# [What you have to do]
Go through the records and show each line where the word "Island" occurs.

-- Opening Marker --

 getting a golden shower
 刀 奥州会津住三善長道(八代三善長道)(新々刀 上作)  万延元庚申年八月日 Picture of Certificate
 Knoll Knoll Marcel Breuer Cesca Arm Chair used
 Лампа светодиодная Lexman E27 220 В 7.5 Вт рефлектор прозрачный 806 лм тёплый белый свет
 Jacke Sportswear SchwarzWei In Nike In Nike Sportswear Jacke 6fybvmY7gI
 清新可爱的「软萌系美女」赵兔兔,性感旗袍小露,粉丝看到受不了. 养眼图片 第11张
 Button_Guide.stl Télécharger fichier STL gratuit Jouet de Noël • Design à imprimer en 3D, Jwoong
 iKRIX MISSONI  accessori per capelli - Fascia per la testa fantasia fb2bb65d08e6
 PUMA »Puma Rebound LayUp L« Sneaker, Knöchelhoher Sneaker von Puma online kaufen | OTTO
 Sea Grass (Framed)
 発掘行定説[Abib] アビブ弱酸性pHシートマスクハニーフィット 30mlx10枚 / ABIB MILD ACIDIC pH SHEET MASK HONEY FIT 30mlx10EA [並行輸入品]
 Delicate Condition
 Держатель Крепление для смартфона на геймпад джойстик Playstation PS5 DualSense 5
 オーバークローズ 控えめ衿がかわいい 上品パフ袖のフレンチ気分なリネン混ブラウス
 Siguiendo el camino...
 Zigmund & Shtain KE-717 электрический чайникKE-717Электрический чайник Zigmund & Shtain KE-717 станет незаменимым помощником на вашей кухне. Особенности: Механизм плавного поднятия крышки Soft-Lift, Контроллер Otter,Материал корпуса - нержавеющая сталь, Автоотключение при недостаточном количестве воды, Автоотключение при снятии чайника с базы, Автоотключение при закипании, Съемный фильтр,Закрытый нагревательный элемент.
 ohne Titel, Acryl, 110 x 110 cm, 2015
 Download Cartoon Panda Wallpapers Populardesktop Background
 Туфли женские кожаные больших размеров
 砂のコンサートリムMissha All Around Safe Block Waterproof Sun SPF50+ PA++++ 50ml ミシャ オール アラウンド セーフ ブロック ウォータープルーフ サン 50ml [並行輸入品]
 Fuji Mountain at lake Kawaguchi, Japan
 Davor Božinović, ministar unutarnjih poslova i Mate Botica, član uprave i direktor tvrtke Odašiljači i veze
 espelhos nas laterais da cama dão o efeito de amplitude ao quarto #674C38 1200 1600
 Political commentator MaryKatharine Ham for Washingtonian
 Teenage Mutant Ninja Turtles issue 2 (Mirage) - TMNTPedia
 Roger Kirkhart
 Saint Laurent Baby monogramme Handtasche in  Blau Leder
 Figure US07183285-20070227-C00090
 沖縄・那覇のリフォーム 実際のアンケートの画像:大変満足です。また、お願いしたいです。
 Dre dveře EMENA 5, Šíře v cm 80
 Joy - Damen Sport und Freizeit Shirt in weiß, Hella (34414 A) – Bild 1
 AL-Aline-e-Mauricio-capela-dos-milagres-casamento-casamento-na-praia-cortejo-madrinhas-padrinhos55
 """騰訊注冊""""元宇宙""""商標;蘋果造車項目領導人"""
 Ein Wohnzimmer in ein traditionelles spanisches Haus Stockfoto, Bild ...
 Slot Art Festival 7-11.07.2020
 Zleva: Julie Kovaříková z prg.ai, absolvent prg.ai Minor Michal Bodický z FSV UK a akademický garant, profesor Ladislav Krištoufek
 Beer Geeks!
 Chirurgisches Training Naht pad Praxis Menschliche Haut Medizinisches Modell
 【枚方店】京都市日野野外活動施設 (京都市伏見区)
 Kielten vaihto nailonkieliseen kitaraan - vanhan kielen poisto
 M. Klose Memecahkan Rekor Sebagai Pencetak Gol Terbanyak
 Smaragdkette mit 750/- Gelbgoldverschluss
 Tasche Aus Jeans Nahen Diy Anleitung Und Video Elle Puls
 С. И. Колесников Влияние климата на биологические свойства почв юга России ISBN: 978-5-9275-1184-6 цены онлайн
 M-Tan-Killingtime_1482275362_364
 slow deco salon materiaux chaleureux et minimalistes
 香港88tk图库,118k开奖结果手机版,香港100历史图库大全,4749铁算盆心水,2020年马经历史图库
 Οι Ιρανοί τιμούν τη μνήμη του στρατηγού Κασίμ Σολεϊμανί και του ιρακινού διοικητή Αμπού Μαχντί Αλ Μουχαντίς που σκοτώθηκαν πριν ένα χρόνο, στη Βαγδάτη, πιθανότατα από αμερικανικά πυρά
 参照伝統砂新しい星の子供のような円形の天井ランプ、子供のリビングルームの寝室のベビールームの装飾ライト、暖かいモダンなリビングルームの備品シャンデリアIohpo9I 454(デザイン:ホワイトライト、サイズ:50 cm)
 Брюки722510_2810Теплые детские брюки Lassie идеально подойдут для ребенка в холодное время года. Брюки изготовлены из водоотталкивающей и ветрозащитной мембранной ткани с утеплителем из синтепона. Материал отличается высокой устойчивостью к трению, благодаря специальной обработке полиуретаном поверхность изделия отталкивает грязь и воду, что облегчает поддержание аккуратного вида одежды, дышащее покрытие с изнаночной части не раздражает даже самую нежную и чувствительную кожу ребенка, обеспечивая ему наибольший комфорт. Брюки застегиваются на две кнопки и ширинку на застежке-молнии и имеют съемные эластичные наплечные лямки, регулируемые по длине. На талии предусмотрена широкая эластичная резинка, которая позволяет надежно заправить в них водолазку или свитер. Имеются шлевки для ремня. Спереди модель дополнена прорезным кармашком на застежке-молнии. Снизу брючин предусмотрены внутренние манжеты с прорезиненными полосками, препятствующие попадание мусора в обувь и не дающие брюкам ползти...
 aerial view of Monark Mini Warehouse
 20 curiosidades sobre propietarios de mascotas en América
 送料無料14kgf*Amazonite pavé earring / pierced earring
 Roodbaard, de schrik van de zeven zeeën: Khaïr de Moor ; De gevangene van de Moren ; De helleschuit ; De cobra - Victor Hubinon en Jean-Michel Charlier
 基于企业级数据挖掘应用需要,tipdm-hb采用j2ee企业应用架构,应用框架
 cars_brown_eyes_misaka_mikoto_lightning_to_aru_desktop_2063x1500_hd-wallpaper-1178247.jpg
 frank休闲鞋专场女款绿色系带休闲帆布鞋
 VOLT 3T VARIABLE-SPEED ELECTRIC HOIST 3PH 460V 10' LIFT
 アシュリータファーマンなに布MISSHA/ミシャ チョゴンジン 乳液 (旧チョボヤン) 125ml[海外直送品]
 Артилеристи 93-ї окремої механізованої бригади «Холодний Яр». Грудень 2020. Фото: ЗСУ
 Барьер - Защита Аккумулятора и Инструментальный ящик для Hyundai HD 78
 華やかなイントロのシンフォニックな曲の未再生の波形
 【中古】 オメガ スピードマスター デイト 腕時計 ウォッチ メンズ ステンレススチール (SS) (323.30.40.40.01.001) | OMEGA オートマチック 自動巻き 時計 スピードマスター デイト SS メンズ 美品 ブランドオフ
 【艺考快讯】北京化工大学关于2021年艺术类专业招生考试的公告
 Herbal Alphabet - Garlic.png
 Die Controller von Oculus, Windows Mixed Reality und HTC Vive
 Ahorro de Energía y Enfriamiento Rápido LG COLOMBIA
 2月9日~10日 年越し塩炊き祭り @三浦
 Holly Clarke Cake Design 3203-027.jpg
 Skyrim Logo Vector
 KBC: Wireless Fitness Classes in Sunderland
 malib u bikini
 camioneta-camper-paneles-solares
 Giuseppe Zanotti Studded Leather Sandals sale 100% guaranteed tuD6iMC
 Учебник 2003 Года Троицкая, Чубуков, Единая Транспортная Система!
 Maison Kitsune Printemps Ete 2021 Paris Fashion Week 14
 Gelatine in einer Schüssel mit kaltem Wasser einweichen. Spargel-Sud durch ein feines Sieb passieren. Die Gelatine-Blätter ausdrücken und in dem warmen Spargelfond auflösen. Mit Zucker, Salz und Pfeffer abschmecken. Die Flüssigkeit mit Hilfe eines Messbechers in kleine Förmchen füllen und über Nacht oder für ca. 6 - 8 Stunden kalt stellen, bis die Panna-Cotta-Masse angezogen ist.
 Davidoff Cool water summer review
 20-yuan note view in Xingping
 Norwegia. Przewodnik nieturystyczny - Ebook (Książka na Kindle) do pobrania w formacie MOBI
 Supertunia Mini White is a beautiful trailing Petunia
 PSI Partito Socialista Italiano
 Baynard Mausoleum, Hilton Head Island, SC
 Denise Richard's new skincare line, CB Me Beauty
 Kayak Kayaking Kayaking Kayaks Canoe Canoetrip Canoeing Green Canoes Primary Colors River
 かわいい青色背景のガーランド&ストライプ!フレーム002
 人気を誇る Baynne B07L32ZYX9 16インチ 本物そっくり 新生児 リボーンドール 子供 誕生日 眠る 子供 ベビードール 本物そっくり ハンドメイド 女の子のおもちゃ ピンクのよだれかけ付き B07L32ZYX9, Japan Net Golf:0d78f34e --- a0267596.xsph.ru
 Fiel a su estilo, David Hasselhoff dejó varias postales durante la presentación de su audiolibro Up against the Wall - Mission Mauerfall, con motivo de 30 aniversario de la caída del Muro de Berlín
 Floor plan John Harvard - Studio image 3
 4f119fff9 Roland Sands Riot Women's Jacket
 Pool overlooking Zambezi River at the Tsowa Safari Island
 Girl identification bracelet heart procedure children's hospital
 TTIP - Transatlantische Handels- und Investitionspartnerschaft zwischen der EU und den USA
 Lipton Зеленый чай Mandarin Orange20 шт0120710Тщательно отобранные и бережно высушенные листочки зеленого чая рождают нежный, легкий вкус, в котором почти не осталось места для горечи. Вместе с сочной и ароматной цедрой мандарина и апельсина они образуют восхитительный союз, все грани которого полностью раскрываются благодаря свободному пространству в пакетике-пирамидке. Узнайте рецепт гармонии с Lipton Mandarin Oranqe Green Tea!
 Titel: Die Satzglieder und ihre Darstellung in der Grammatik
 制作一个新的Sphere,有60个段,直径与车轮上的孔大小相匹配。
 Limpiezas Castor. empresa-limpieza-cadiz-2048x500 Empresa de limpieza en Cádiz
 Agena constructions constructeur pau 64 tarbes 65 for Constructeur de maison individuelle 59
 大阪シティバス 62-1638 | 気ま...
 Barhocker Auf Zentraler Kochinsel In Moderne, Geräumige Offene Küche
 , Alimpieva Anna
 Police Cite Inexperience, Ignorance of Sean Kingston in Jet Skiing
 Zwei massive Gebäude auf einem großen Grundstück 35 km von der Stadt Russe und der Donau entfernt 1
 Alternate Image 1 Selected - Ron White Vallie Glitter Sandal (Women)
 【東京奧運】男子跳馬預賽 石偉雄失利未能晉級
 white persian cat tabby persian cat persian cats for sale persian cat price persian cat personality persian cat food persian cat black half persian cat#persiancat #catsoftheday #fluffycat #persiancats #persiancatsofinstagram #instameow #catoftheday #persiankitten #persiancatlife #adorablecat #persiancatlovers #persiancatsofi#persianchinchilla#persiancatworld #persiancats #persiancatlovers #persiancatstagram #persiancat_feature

-- Closing Marker --

# [Response area]
 Baynard Mausoleum, Hilton Head Island, SC
 Pool overlooking Zambezi River at the Tsowa Safari Island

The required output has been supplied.